ASSIGNMENT:
A picture should never appear in your copy. Transcribe the listing exactly from its first line through the line with "LEIGH-ON-SEA, ESSEX, UK", both ends included.

RAW DATA:
· · · · ·
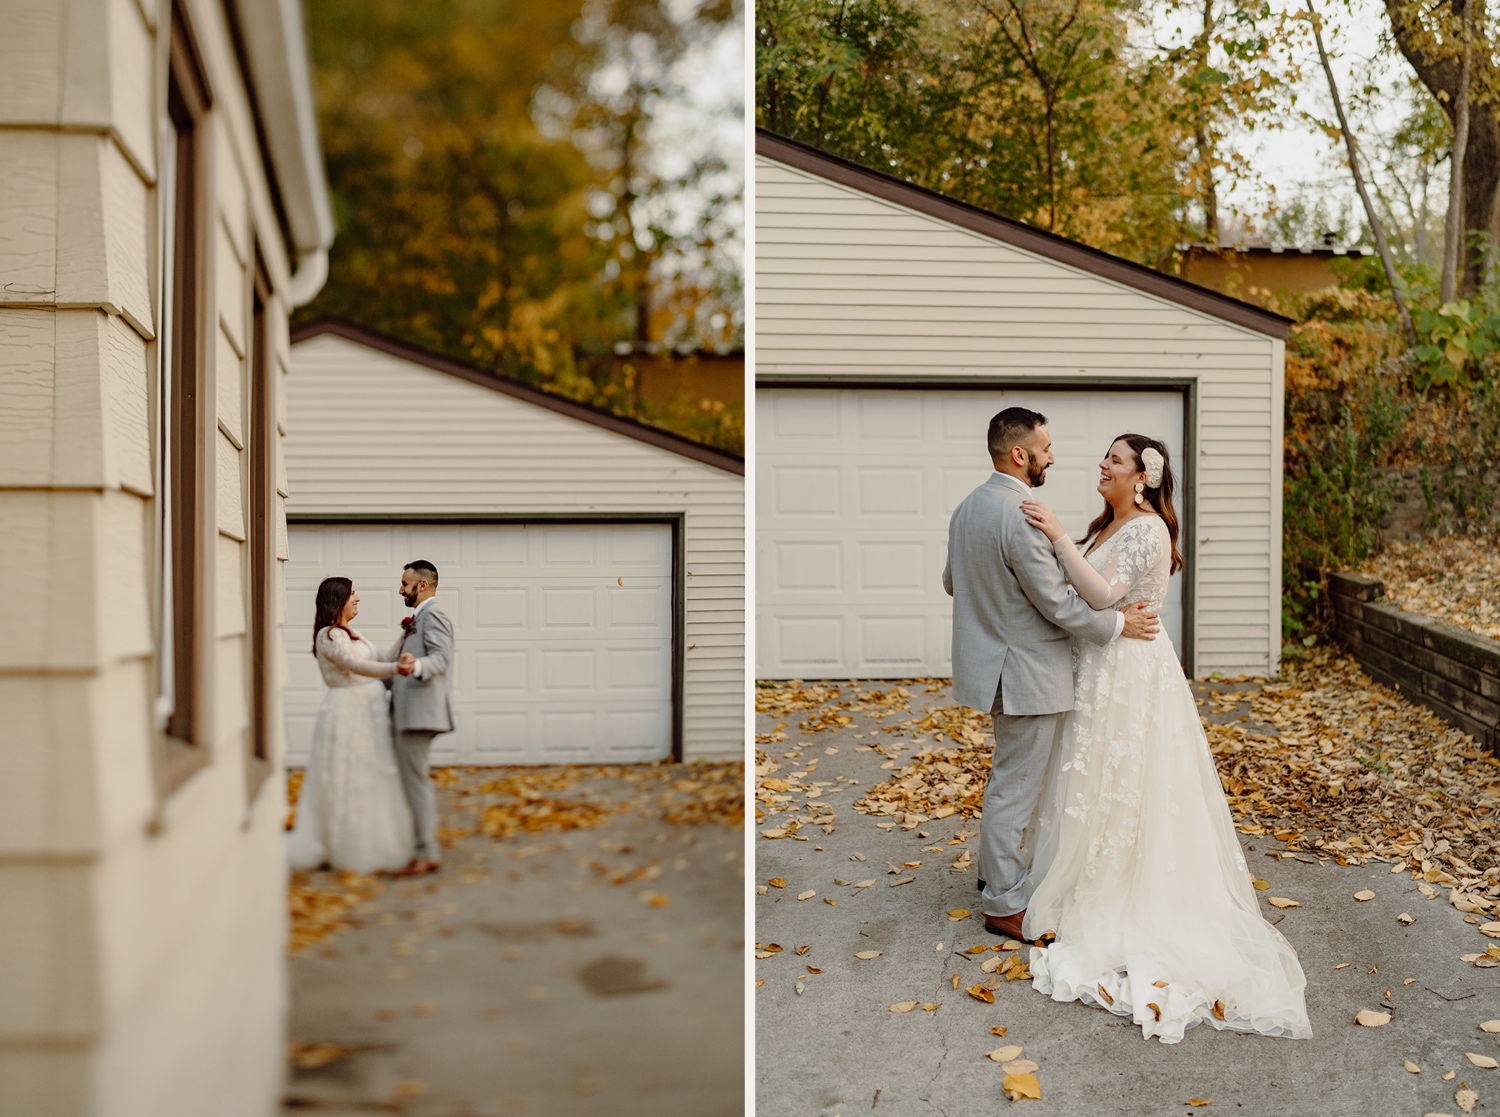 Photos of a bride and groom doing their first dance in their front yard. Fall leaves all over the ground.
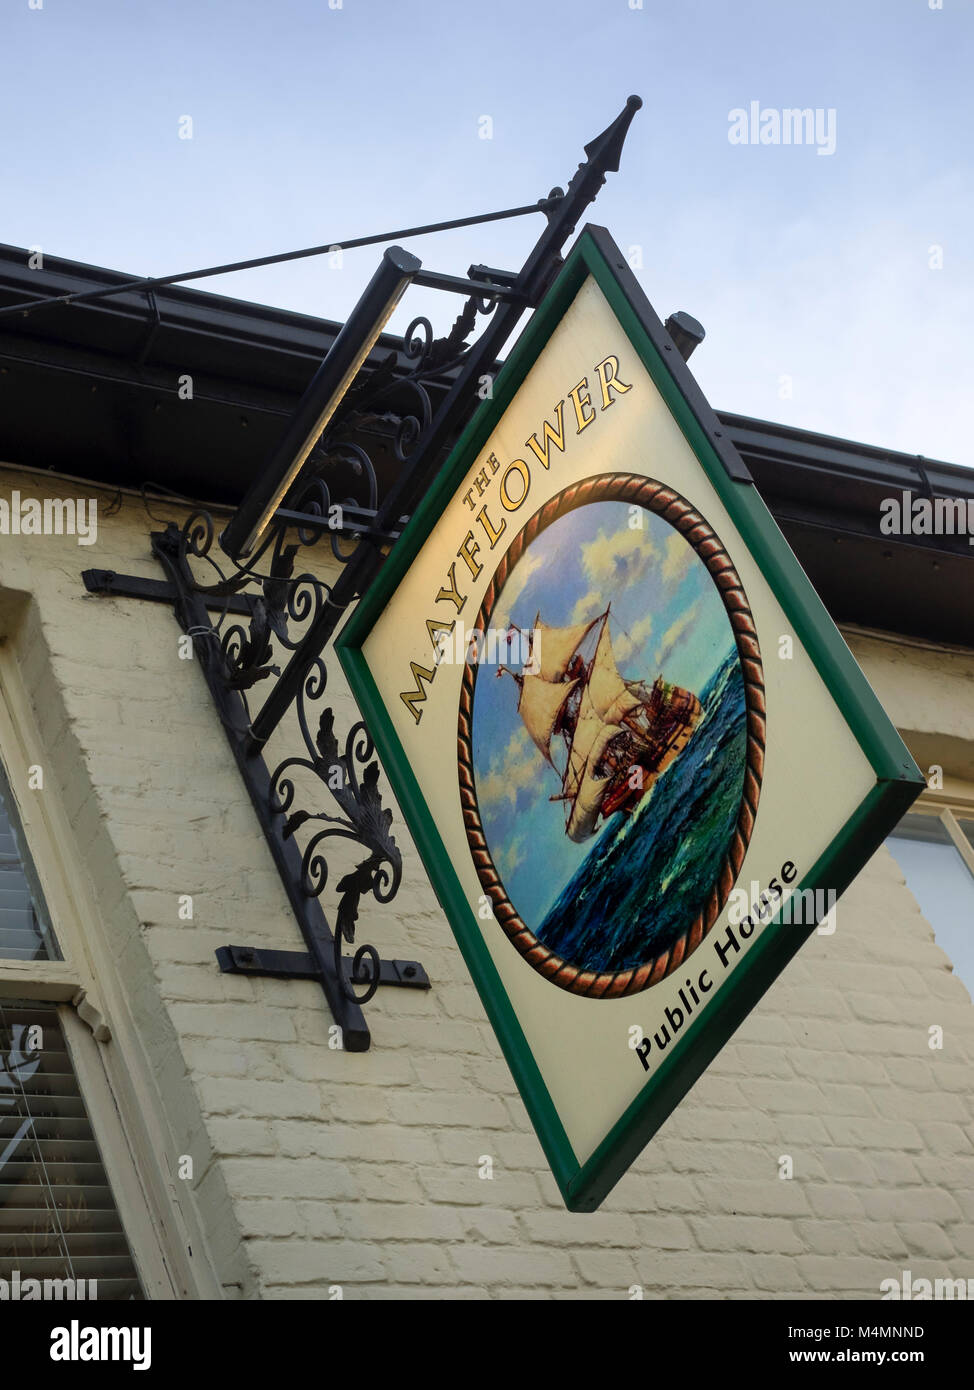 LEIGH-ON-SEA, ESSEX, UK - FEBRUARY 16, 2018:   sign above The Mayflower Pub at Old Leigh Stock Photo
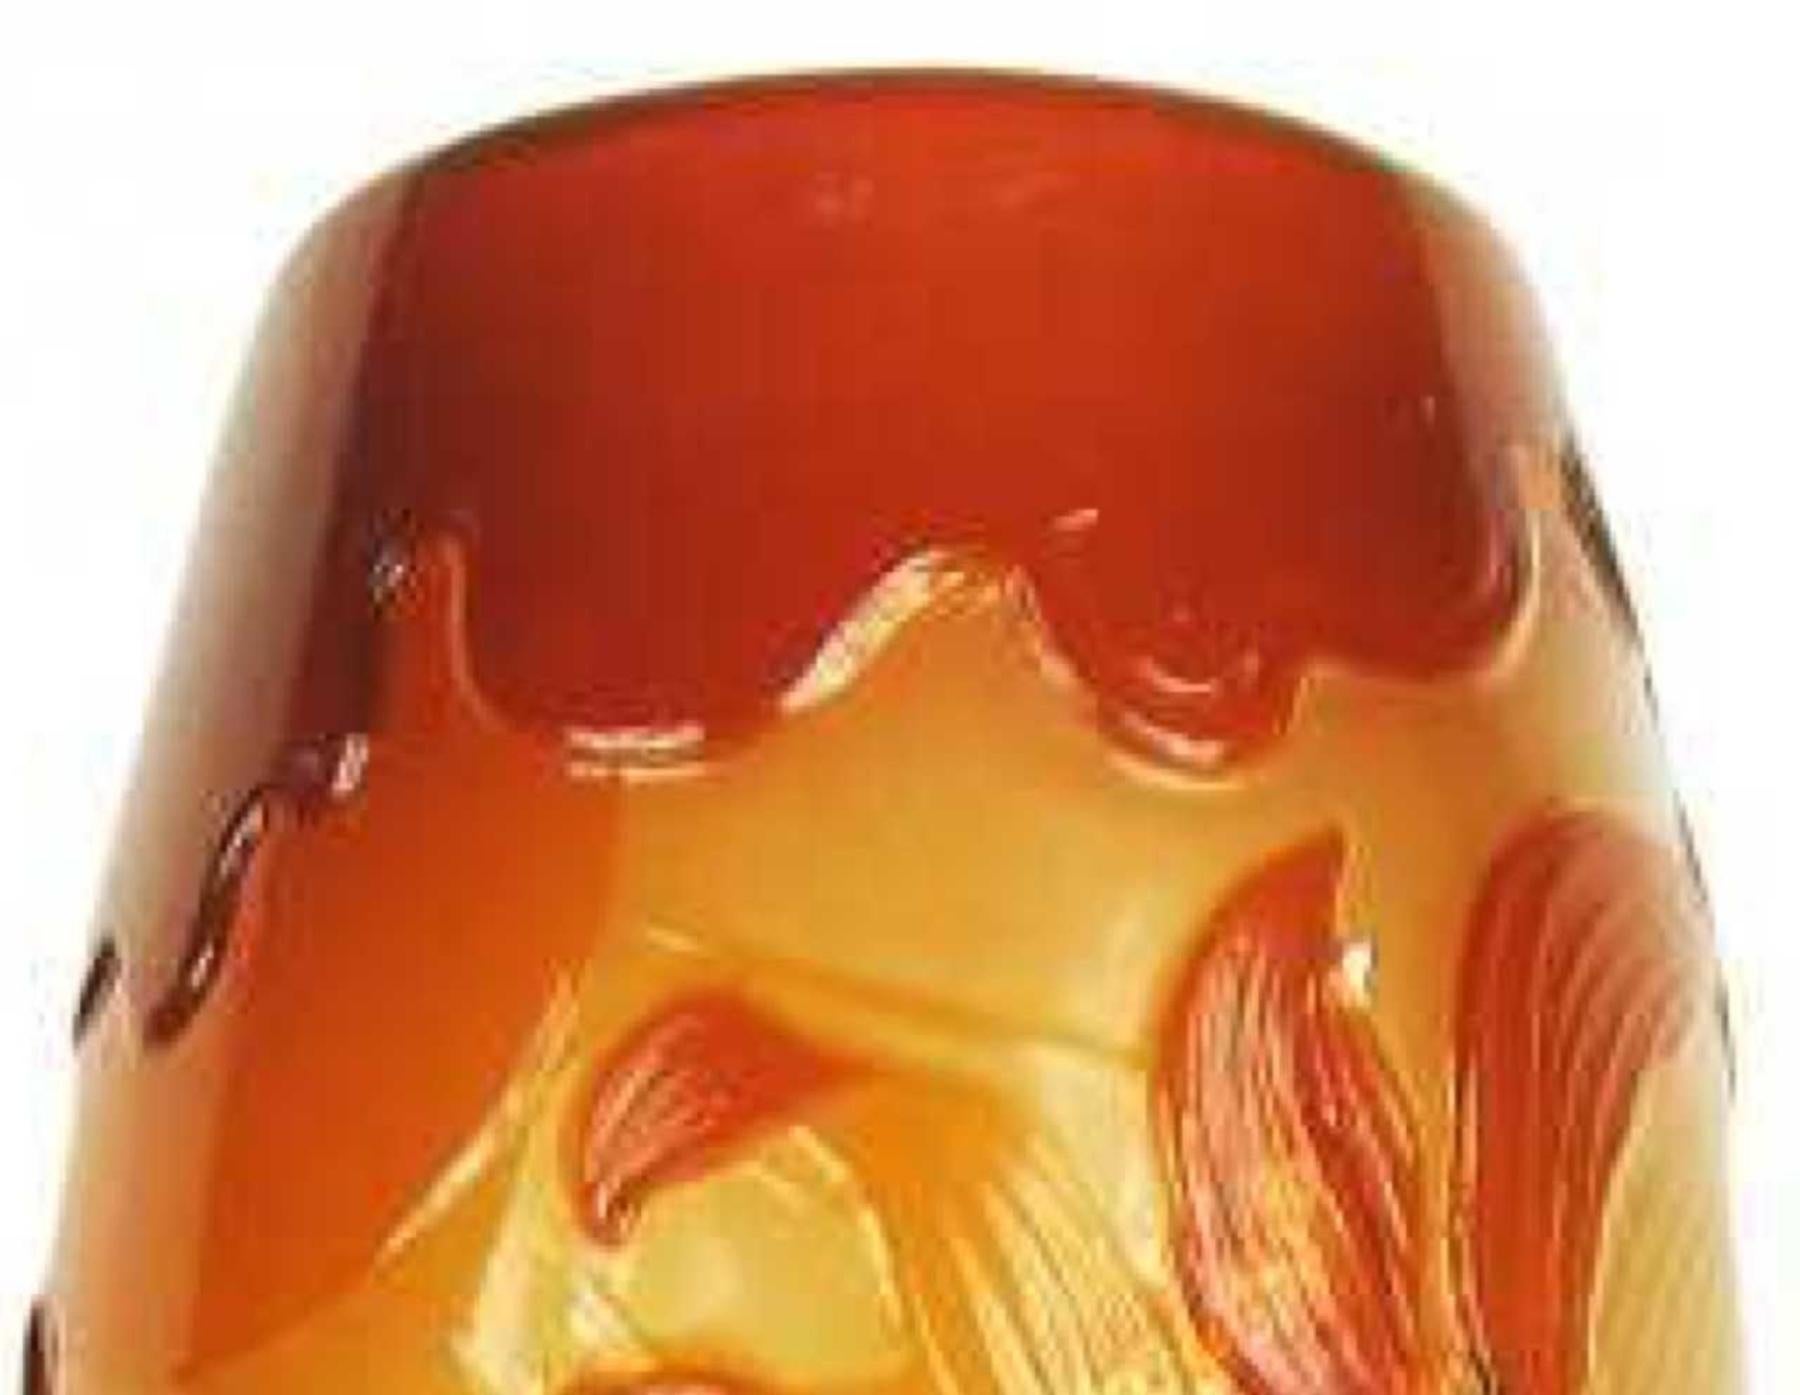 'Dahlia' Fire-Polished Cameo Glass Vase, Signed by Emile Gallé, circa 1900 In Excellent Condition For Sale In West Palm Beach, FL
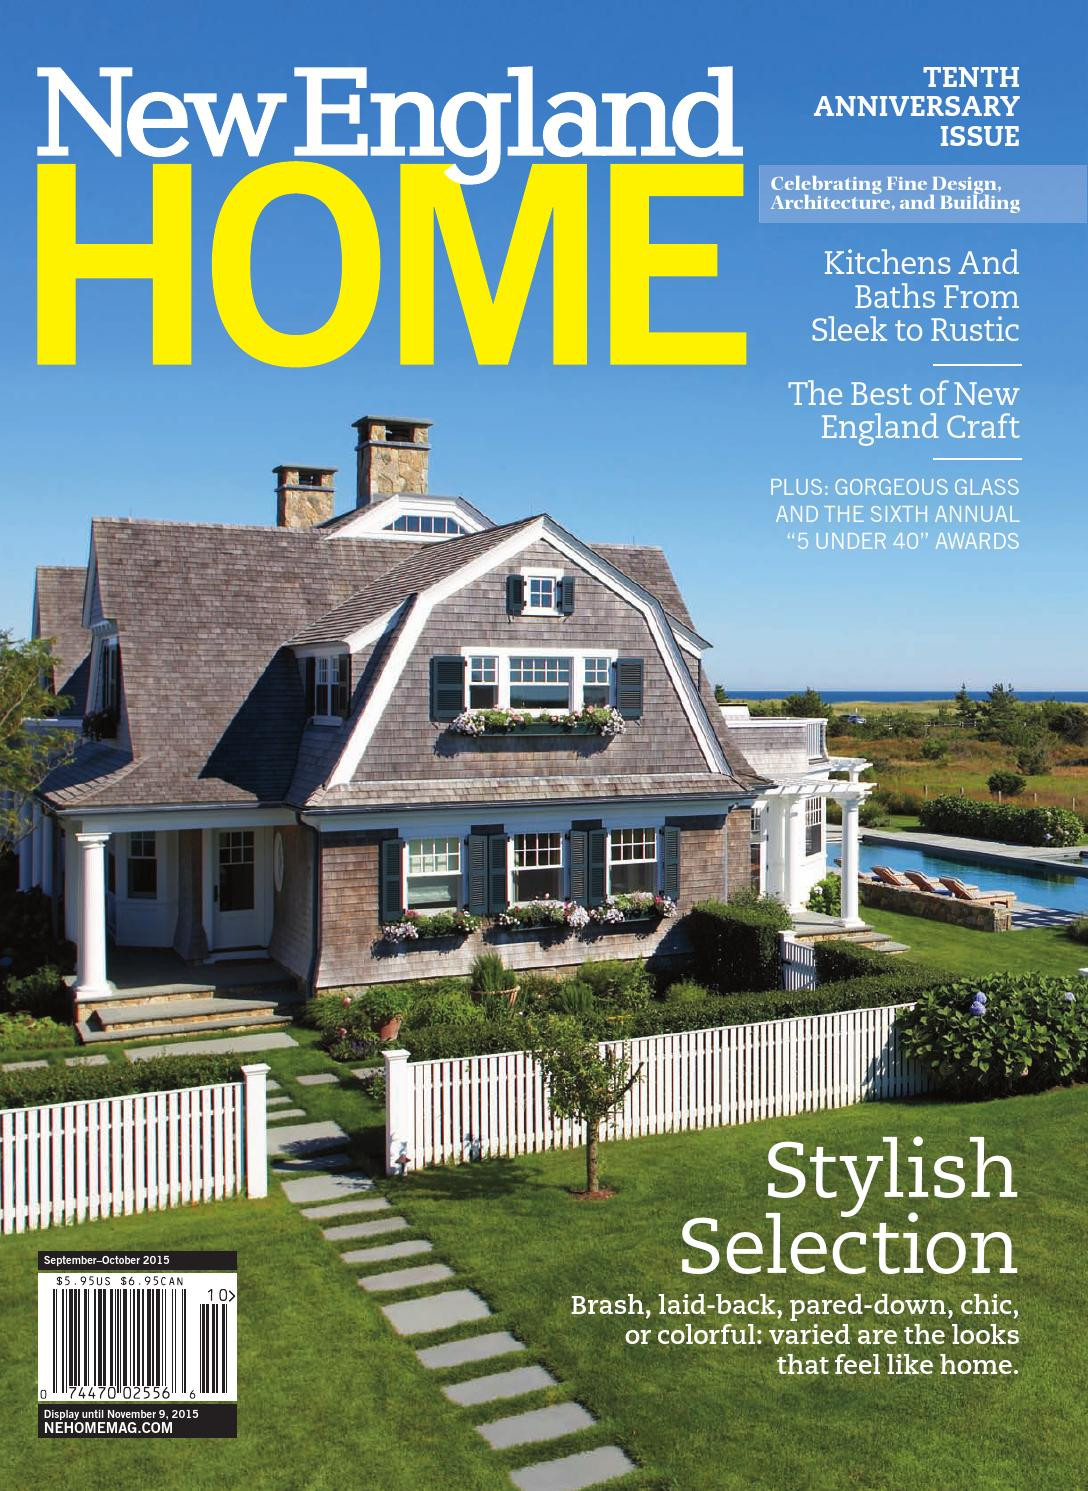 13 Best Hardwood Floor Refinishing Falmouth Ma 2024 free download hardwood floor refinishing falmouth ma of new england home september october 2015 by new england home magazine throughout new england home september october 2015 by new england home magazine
· · · · ·
EXERCISE OUTPUT:
 Photos of a bride and groom doing their first dance in their front yard. Fall leaves all over the ground.
 LEIGH-ON-SEA, ESSEX, UK - FEBRUARY 16, 2018:   sign above The Mayflower Pub at Old Leigh Stock Photo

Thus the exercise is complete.